- Exercise requirements
Reproduce word for word the line holding "OO-BWA, 1977 Reims" and all lines after it in the data, through the end, leaving out pictures.

- Given information
****************
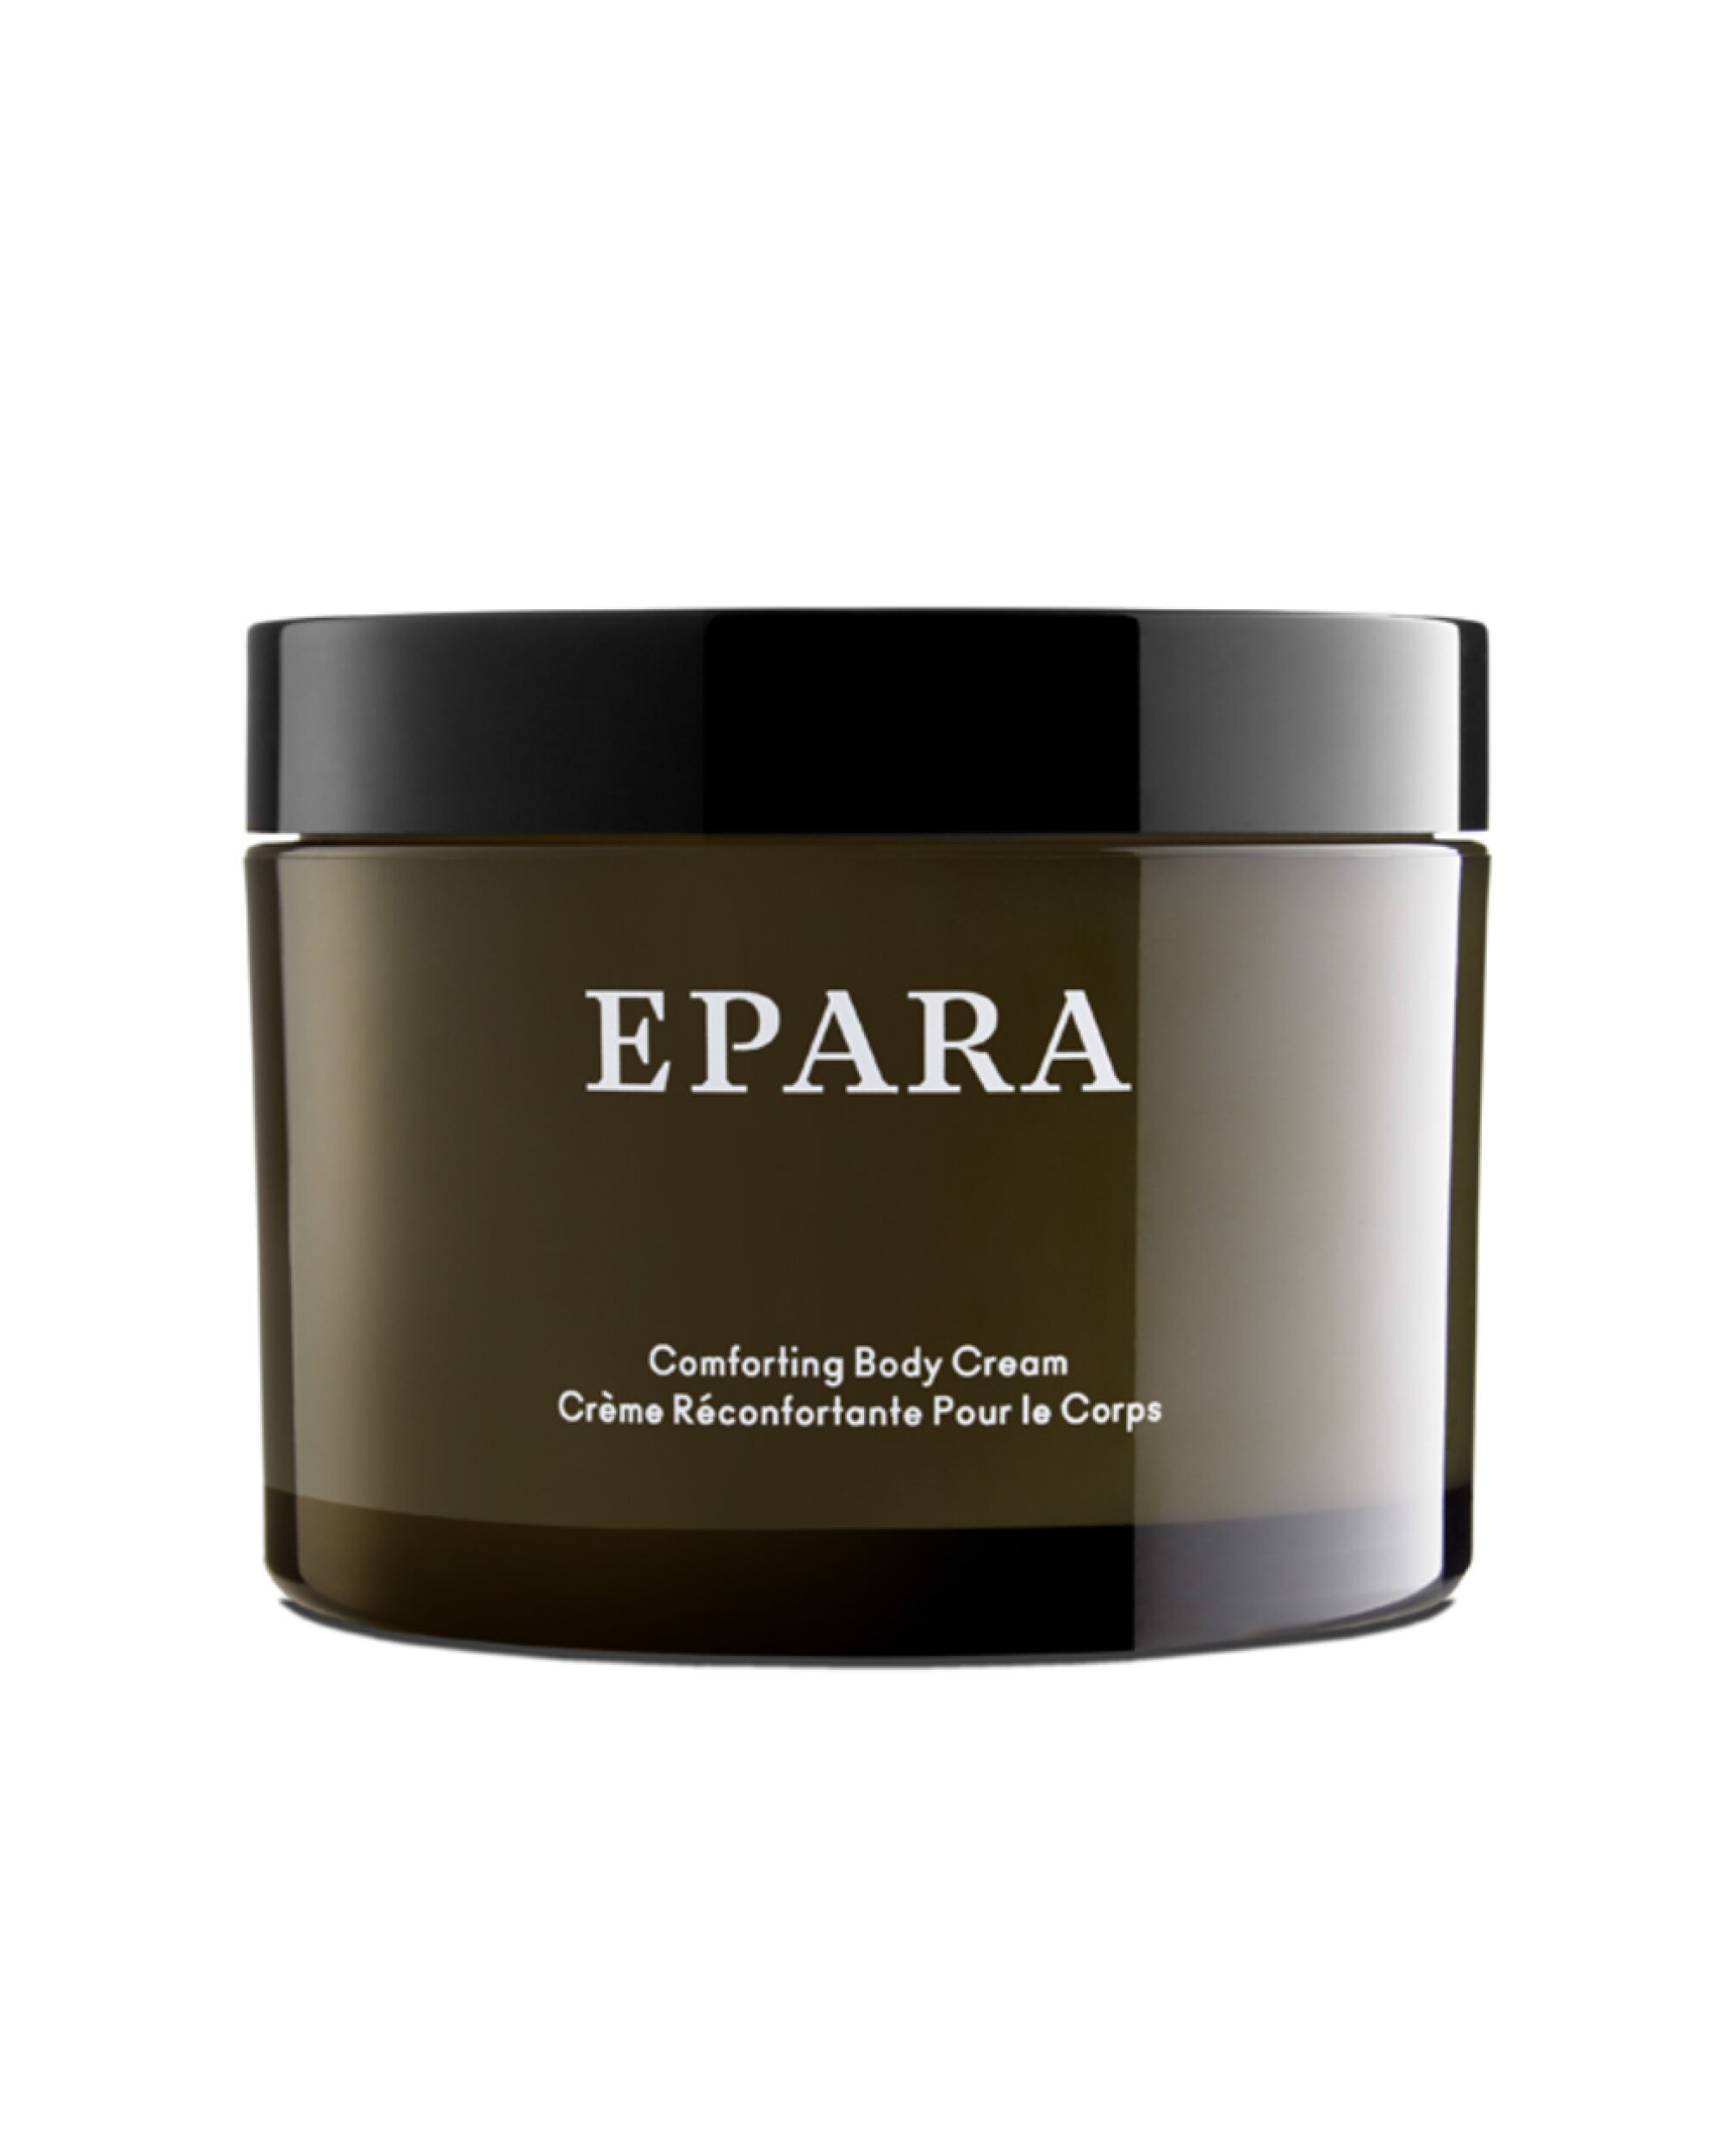 Comforting body cream by Epara
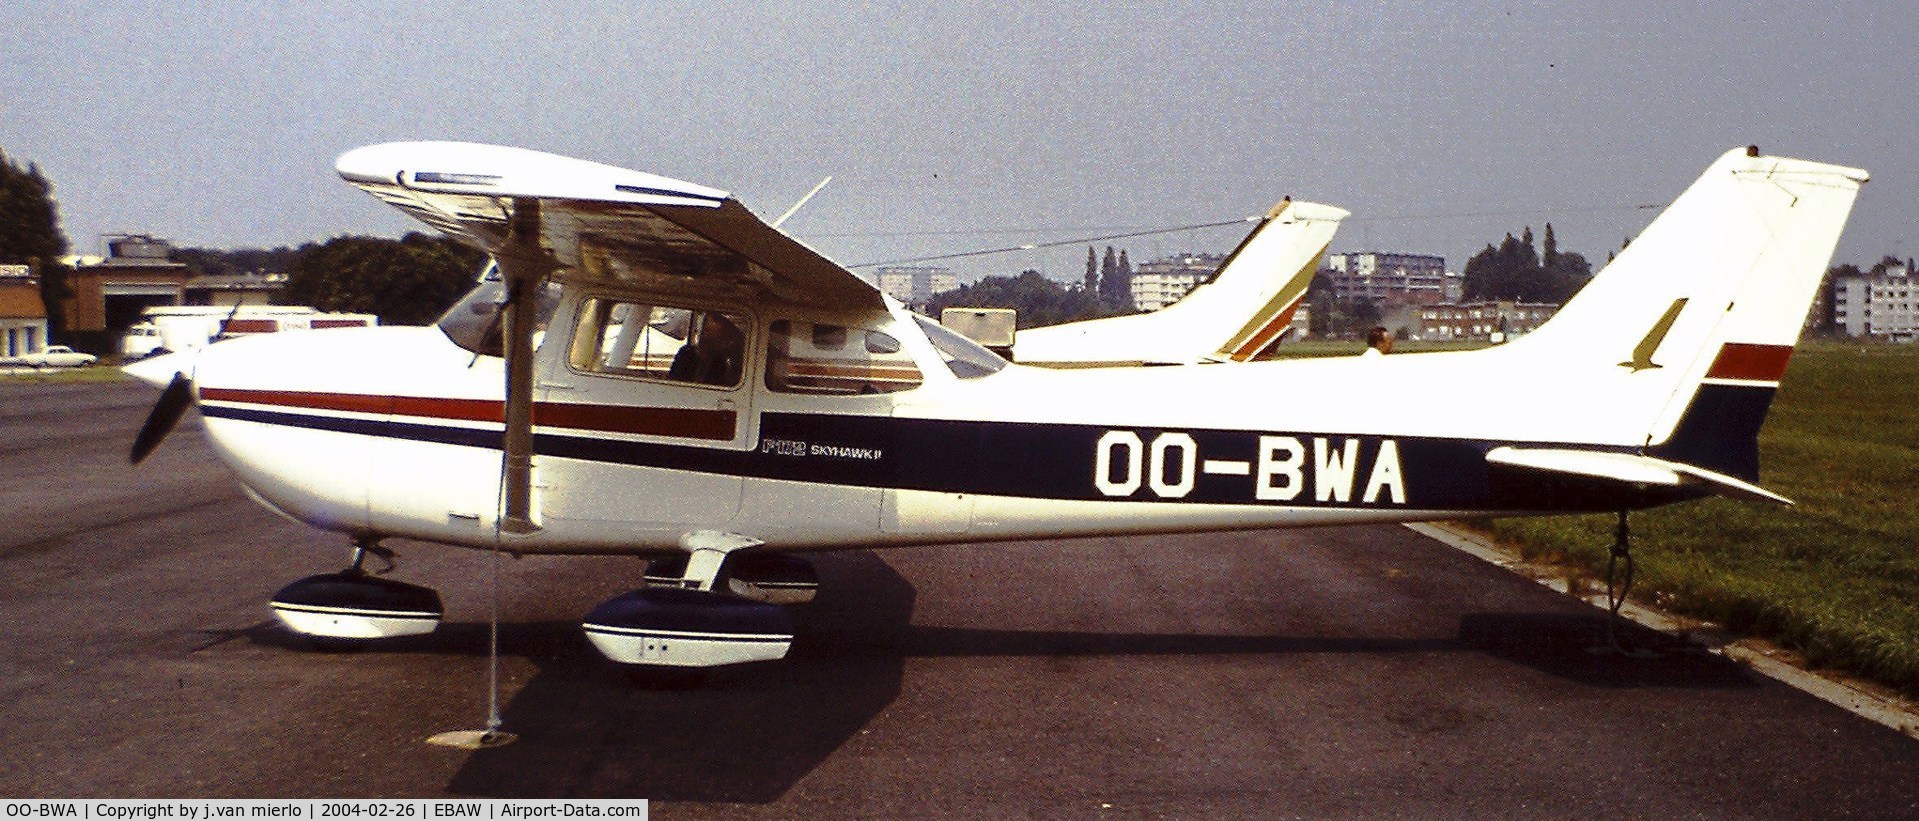 OO-BWA, 1977 Reims F172N Skyhawk C/N 1584, Antwerp, Deurne, Belgium
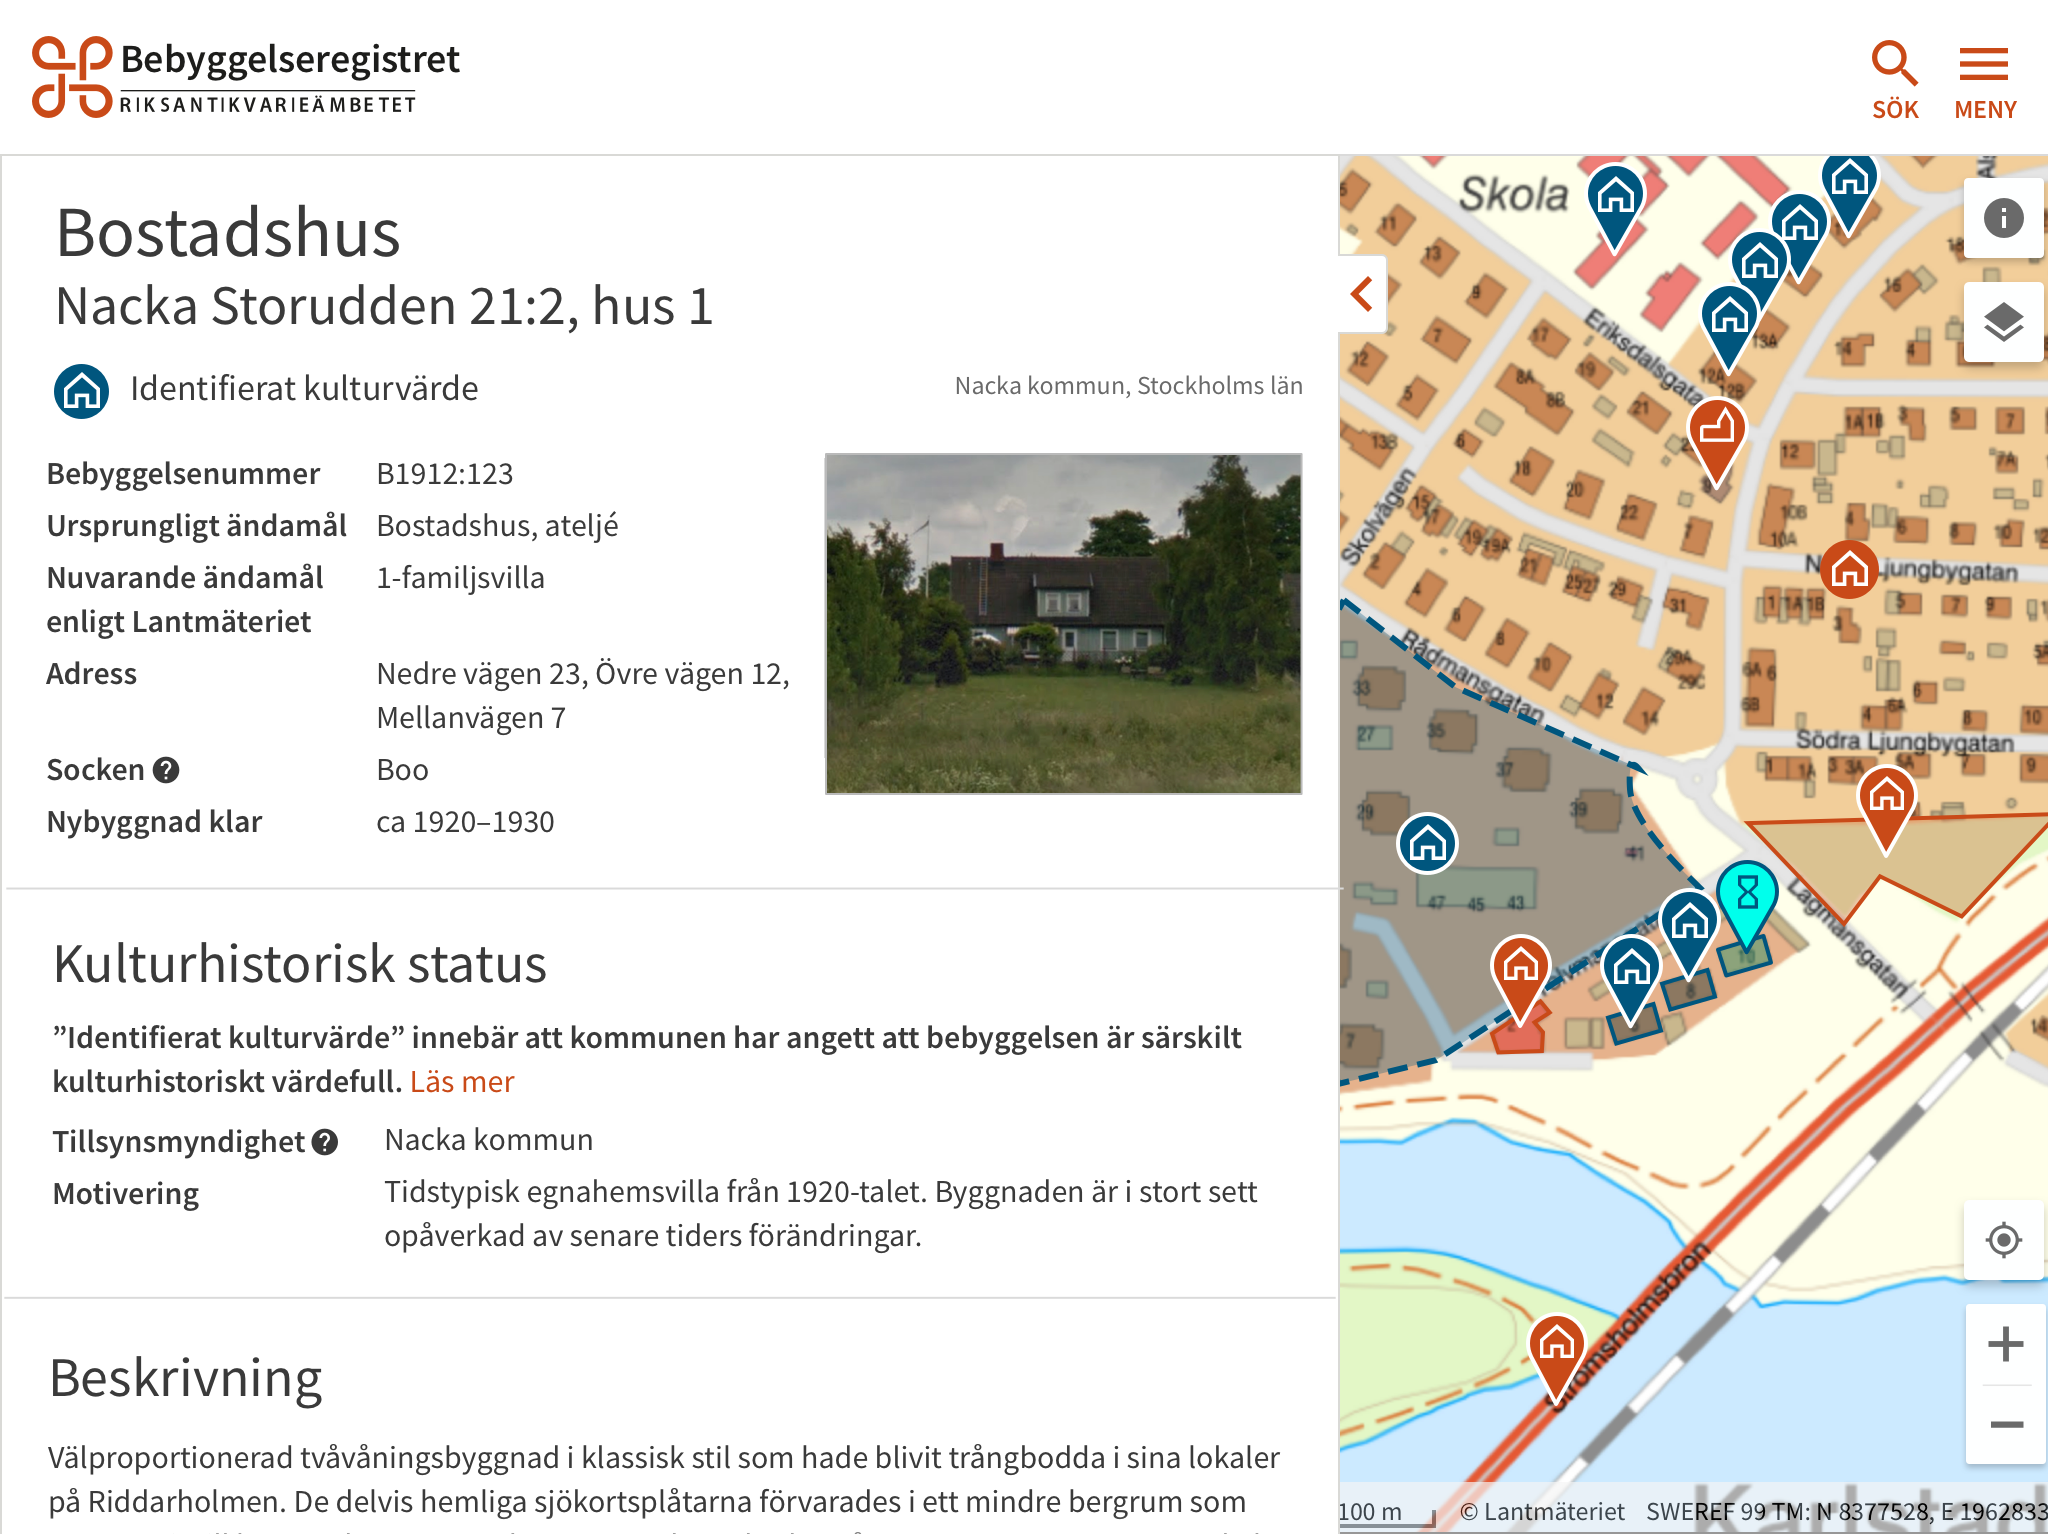 Bilden visar ett exempel på hur information och bilder visas i det nya registret för bebyggelse.
****************
- Result below
 OO-BWA, 1977 Reims F172N Skyhawk C/N 1584, Antwerp, Deurne, Belgium
 Bilden visar ett exempel på hur information och bilder visas i det nya registret för bebyggelse.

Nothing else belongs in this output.